Culture Audience: “2073” will appeal primarily to people who are fans of director Asif Kapadia and “end of the world” movies that place almost all the blame on politically conservative people.

A scene from “2073” of the Golden Gate Bridge in California affected by wildfires (Photo courtesy of Neon)

Pretentious and derivative, “2073” is a doomsday docudrama that combines dreary apocalypse scenes with left-wing political lecturing. There’s too much whining and not enough talk about practical solutions. The “end of the world” warnings in this movie just add up to a lot of annoying hot air. The so-called experts interviewed for this movie just want to blame the world’s problems on people who don’t share their liberal political beliefs.

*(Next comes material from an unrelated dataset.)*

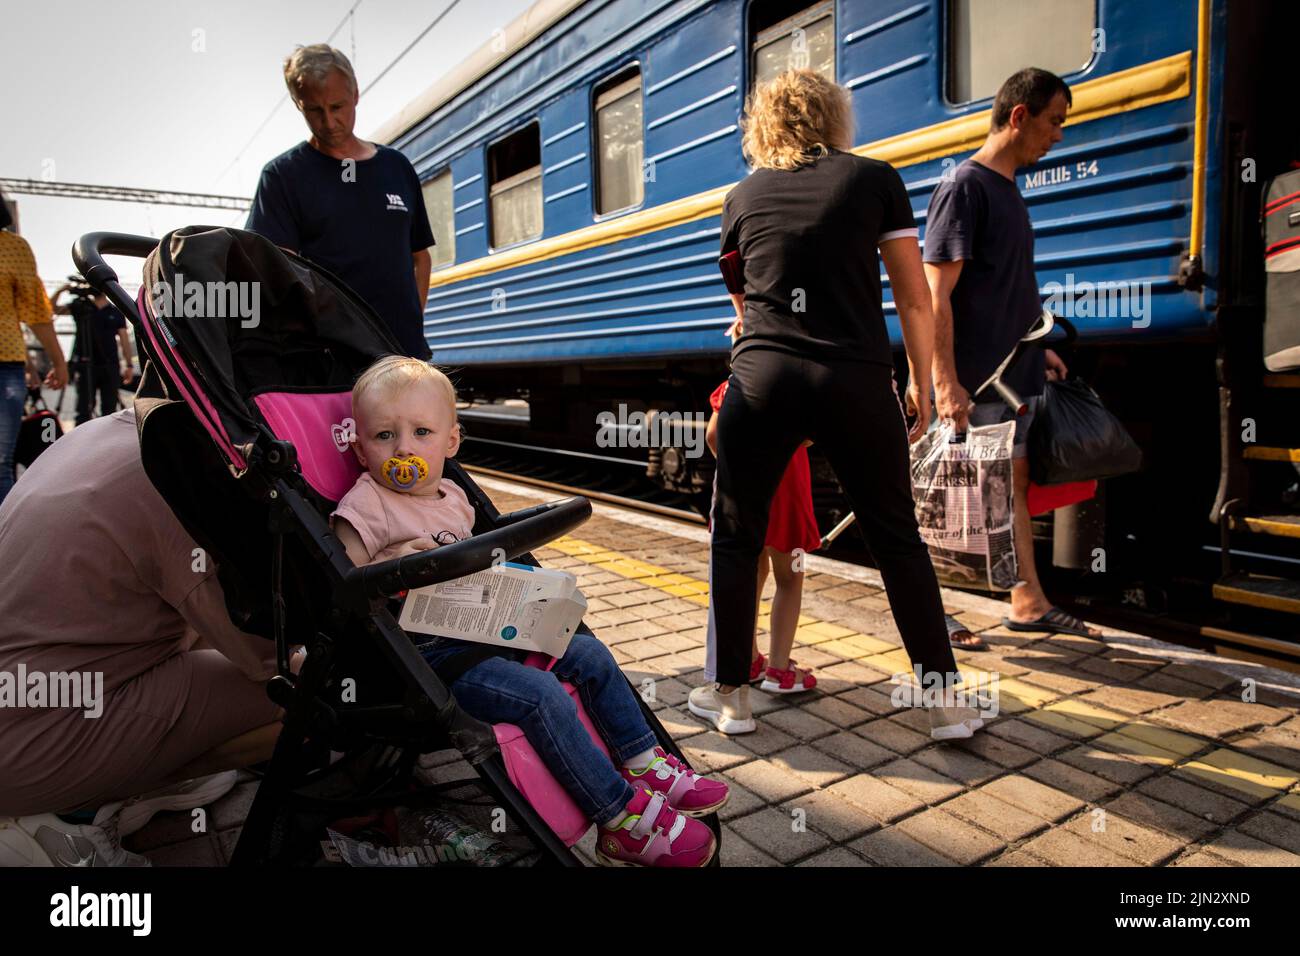 Pokrowsk, Oblast Donezk, Ukraine. 2. August 2022. Ein Baby, das im Kinderwagen sitzt, wartet auf den Evakuierungszug mit seinen Eltern am Bahnhof Pokrovsk. Inmitten der intensivierten Kämpfe im östlichen Teil der Ukraine intensiviert die Ostukraine nun ihre zivile Evakuierung, da Millionen ukrainischer Familien aus dem immer näher rückt Krieg evakuiert wurden, da viele von ihnen in den westlichen Teil des Landes verlagert werden.Laut den Vereinten Nationen werden die meisten von ihnen in den Westen des Landes umgesiedelt. Mindestens 12 Millionen Menschen sind seit dem russischen Einmarsch in die Ukraine aus ihren Häusern geflohen, während sieben Millionen Menschen sind Stockfoto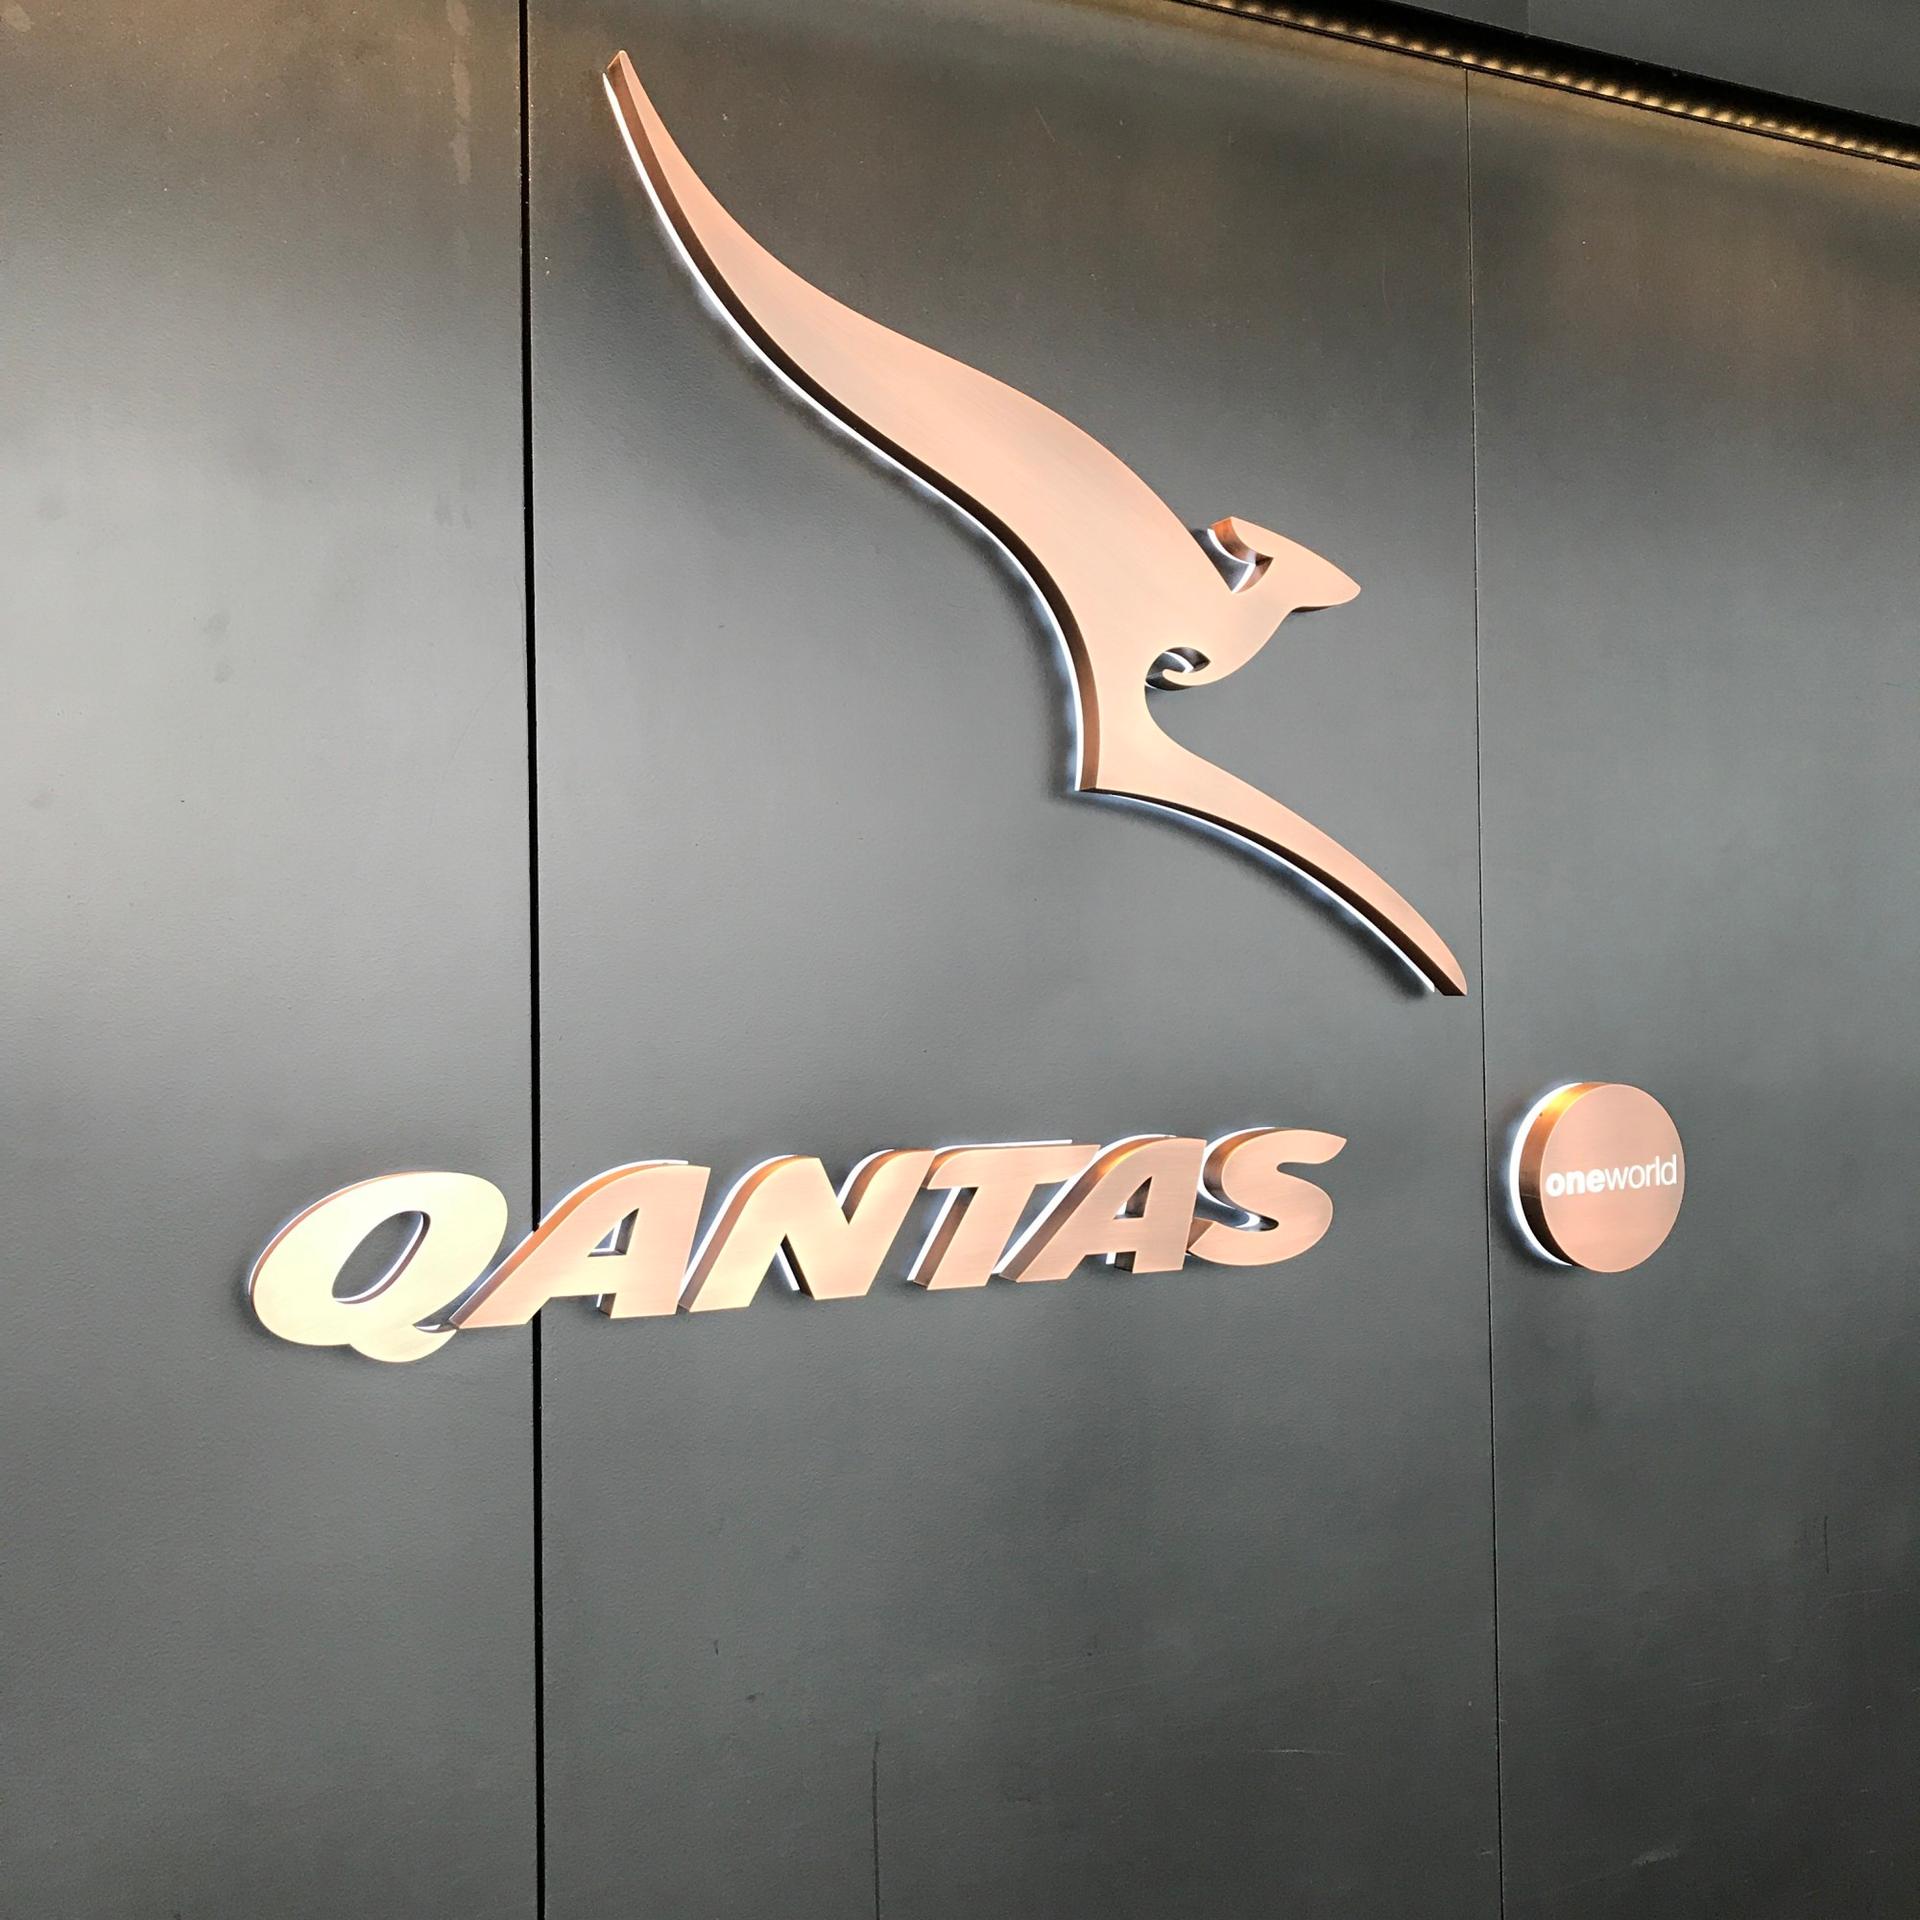 The Qantas Hong Kong Lounge image 70 of 99

Directed by Asif Kapadia, “2073” had its world premiere at the 2024 Venice International Film Festival. The movie made the rounds at several other film festivals in 2024, including the BFI London Film Festival and DOC NYC. Kapadia won an Oscar for the 2015 Amy Winehouse documentary “Amy.” Unfortunately, “2073” is a low point in his filmmography.

Although “2073” is undoubtedly a film that has noble intentions, it has a heavy-handed approach. The movie has an obvious political agenda, but that agenda’s credibility is lowered with the movie using fictional, scripted scenes as examples of the gloom and doom predicted in the movie. Kapadia and Tony Grisoni co-wrote the “2073” screenplay.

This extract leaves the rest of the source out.